But thats me, i like my tanks like i my women's mamary glands... real=p

Besides the lack of live plants, i must say i loved the video, pretty good, and the shop must be like a sanctuary for fish maniacs=). Wish it was in Portugal or in some other european country...


----------



## doubleott05 (Jul 20, 2005)

its a pitch ... cant knock them for that. 

i live in kansas city ar they gonna sell ada and plants?


----------



## Francis Xavier (Mar 7, 2009)

Hey Doubleott, I have no idea what P.E.A. intends to sell as far as ADA or aquatic plants - though I know they're focusing roughly 60/40 on Marine to FW.

The choice for plastic was simple: the client had a need and a request and needed inspirational displays without hefty maintenance. As we all know, it takes a lot of expertise to properly execute a planted aquarium, much less an inspirational planted aquascape.

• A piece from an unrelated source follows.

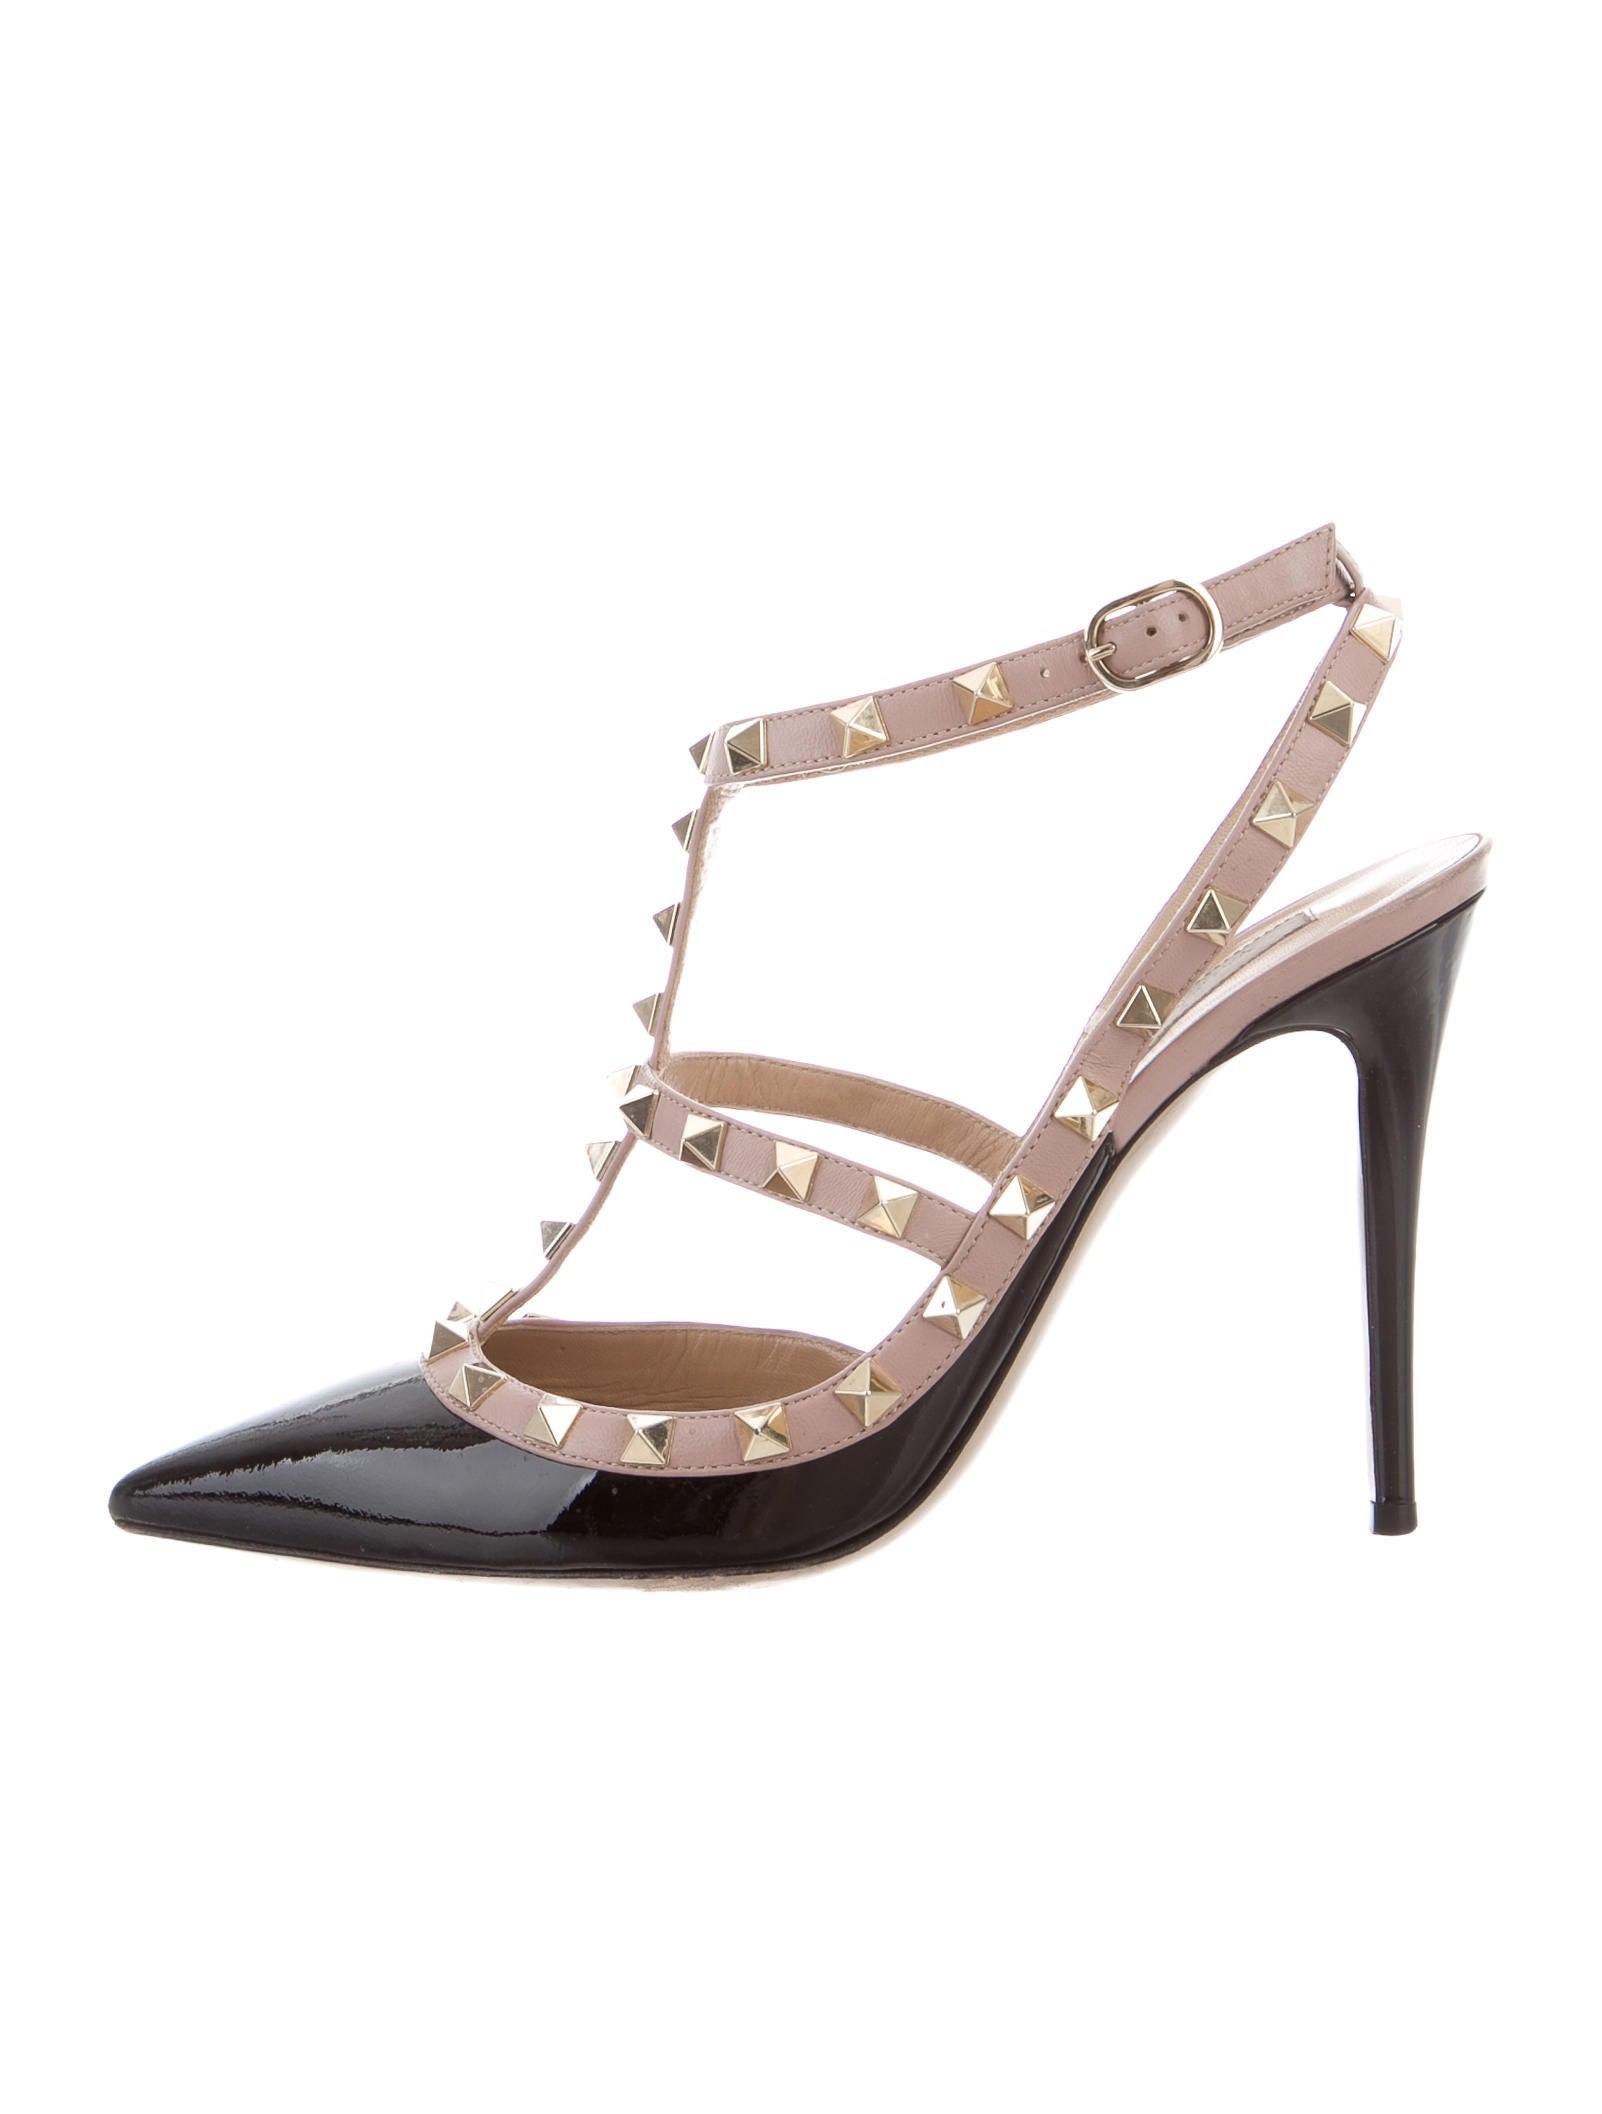 valentino rockstud pointed toe pumps shoes val64401. Black Bedroom Furniture Sets. Home Design Ideas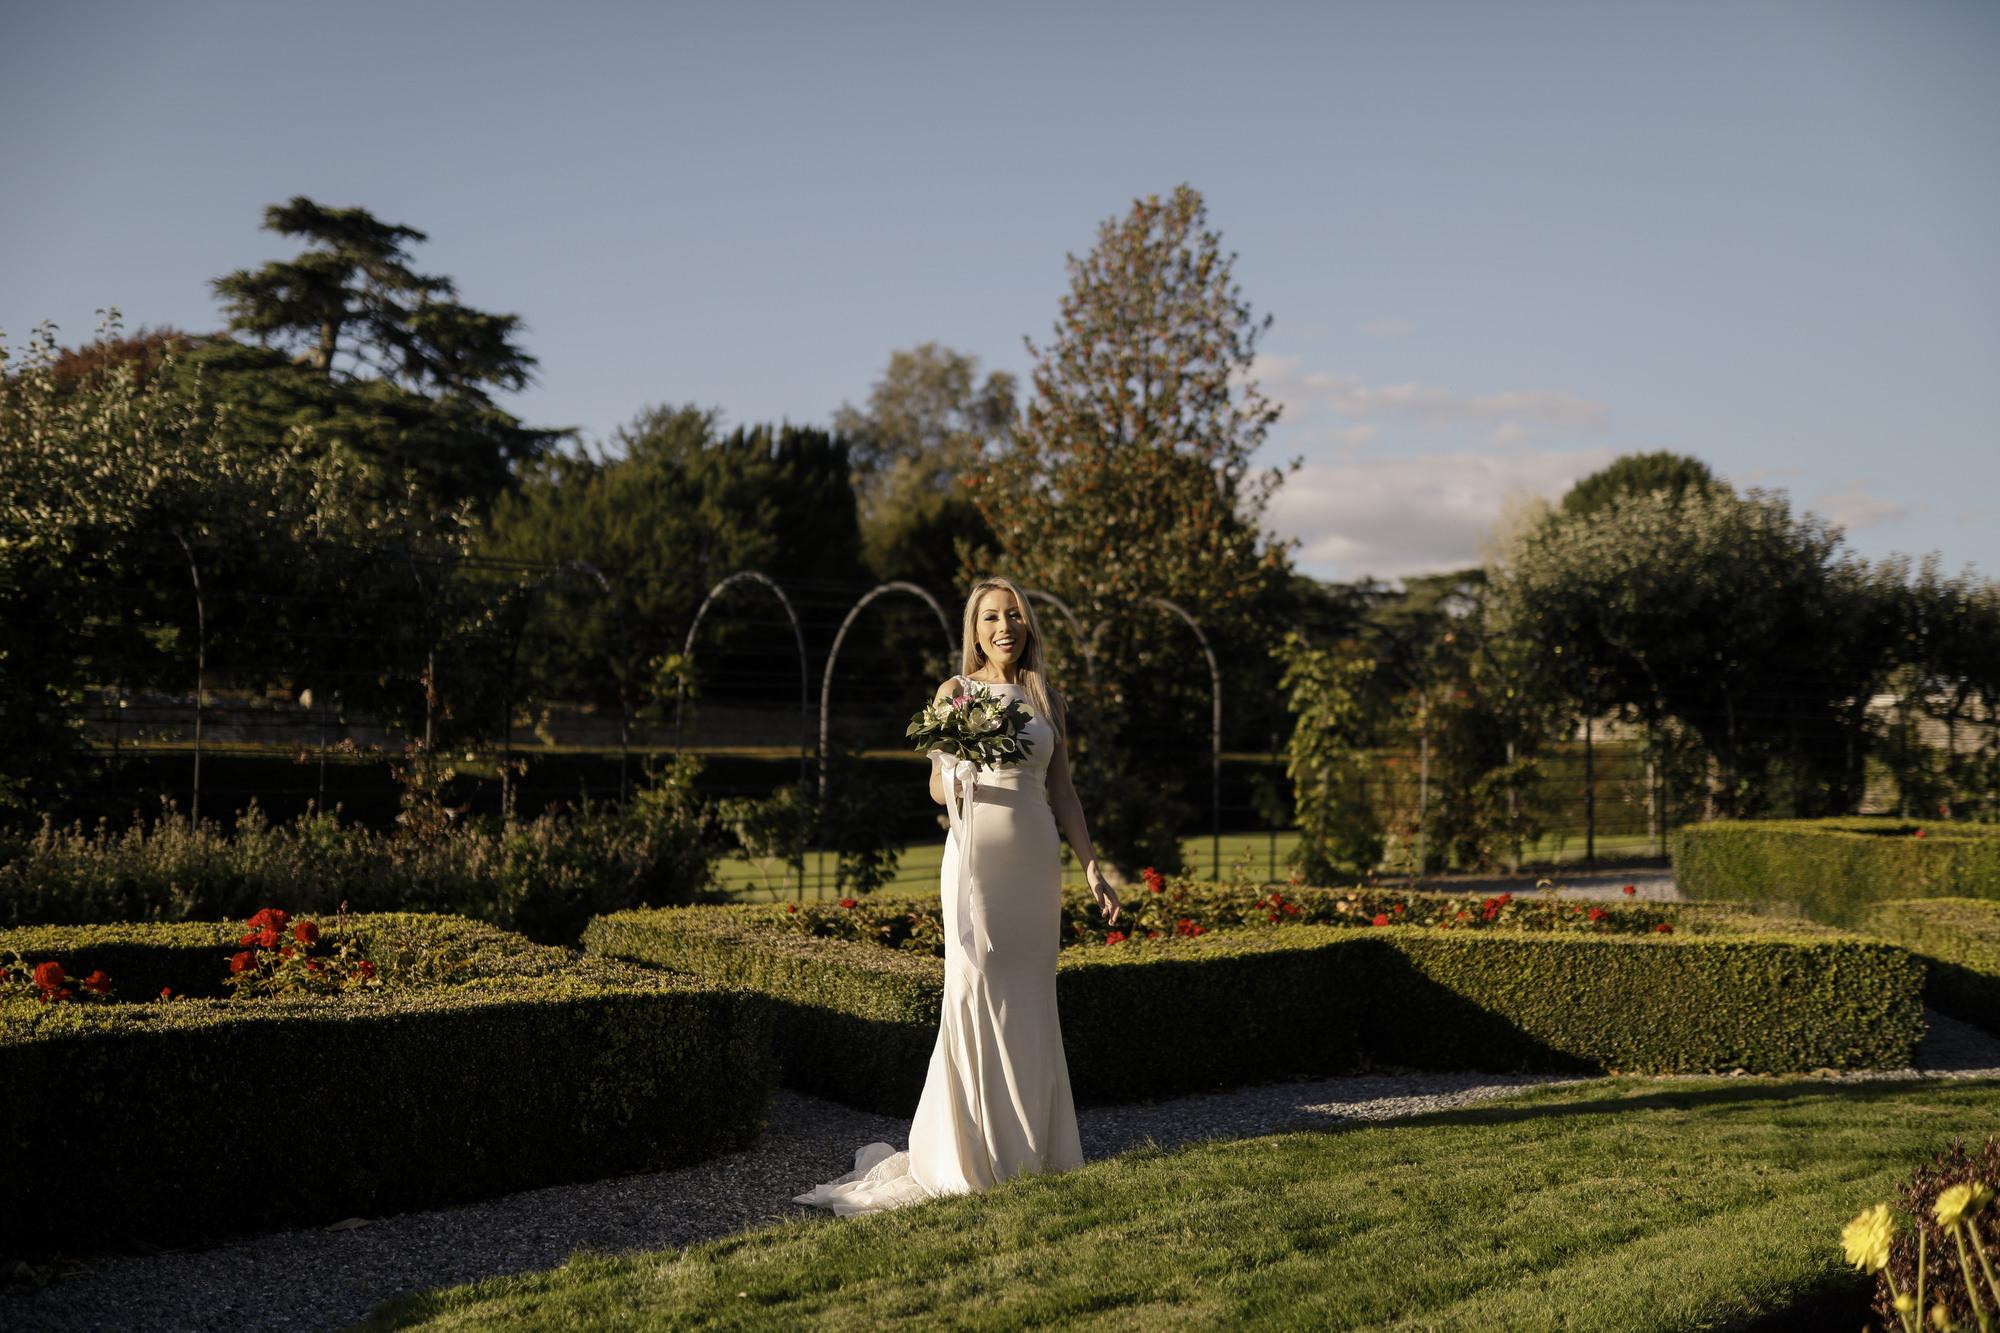 kilkea_castle_wedding_photographer_goldenmoments_049.jpg

It also takes a lot of maintenance time investment (it takes roughly one to two hours a week to keep a 17.7 gallon 60-P planted aquascape perfect in the gallery, where as it takes about 30 minutes every two weeks to keep a hardscape only discus display that's 300 gallons pristinely perfect).

Given these factors, and also the fact that we aren't local to Kansas (thus aren't the ones maintaining the aquariums), it was in Picasso's best interest to go this route until they have the proper expertise to execute a full-blown planted aquarium.


----------



## JustLikeAPill (Oct 9, 2006)

Not to mention it's in a window... A real planted tank with fertilizing would probably turn into an algae farm with that much direct light.

But, thats not what its about. The aquascape is stunning and it takes real talent to make plastic plant look good, and it looks GREAT! Excellent job! It looks better than a lot of planted tanks I've seen.


----------



## ddavila06 (Jan 31, 2009)

very nice, but the challange would have been using real plants


----------



## fishyjoe24 (May 18, 2010)

look at 2:35 to 3:03 it tricked my eyes for a second. and looks at 4:10-4:30 <-- nice aqua scapes ... all the tanks look nice to me, in my opinion it was all about the nice aqua scape vs plastic or real plants.


----------



## Phil Edwards (Jan 22, 2004)

I second Francis' sentiments. Shops will get the most bang for their buck out of doing systems the majority of their customers will be able to afford and have success with. When I did design/installation and maintenance for a living it was the rare customer who was willing to do a full blown planted aqauarium. An attractive system with synthetic materials appeals to a much wider customer base and is one hell of a lot easier for a store's maintenance techs to deal with. It's a win-win for everyone and ADG sure knows how to set up an attractive system regardless of the materials!

Cheers,
Phil



Francis Xavier said:


> Hey Doubleott, I have no idea what P.E.A. intends to sell as far as ADA or aquatic plants - though I know they're focusing roughly 60/40 on Marine to FW.
> 
> The choice for plastic was simple: the client had a need and a request and needed inspirational displays without hefty maintenance. As we all know, it takes a lot of expertise to properly execute a planted aquarium, much less an inspirational planted aquascape. It also takes a lot of maintenance time investment (it takes roughly one to two hours a week to keep a 17.7 gallon 60-P planted aquascape perfect in the gallery, where as it takes about 30 minutes every two weeks to keep a hardscape only discus display that's 300 gallons pristinely perfect).
> 
> Given these factors, and also the fact that we aren't local to Kansas (thus aren't the ones maintaining the aquariums), it was in Picasso's best interest to go this route until they have the proper expertise to execute a full-blown planted aquarium.


----------



## houseofcards (Feb 16, 2005)

Phil Edwards said:


> I second Francis' sentiments. Shops will get the most bang for their buck out of doing systems the majority of their customers will be able to afford and have success with. When I did design/installation and maintenance for a living it was the rare customer who was willing to do a full blown planted aqauarium. An attractive system with synthetic materials appeals to a much wider customer base and is one hell of a lot easier for a store's maintenance techs to deal with. It's a win-win for everyone and ADG sure knows how to set up an attractive system regardless of the materials!
> 
> Cheers,
> Phil


Completely agree. The very high end market many times doesn't care if the arrangement is real or not. It's about visual impact and how it will look in one's home/office. This is also true on the salt-side as well with many upscale setups including mostly fake specimens. Even if you use all ADA product in the tank there is still a need for a maintenance discipline that many will not pay for or not understand.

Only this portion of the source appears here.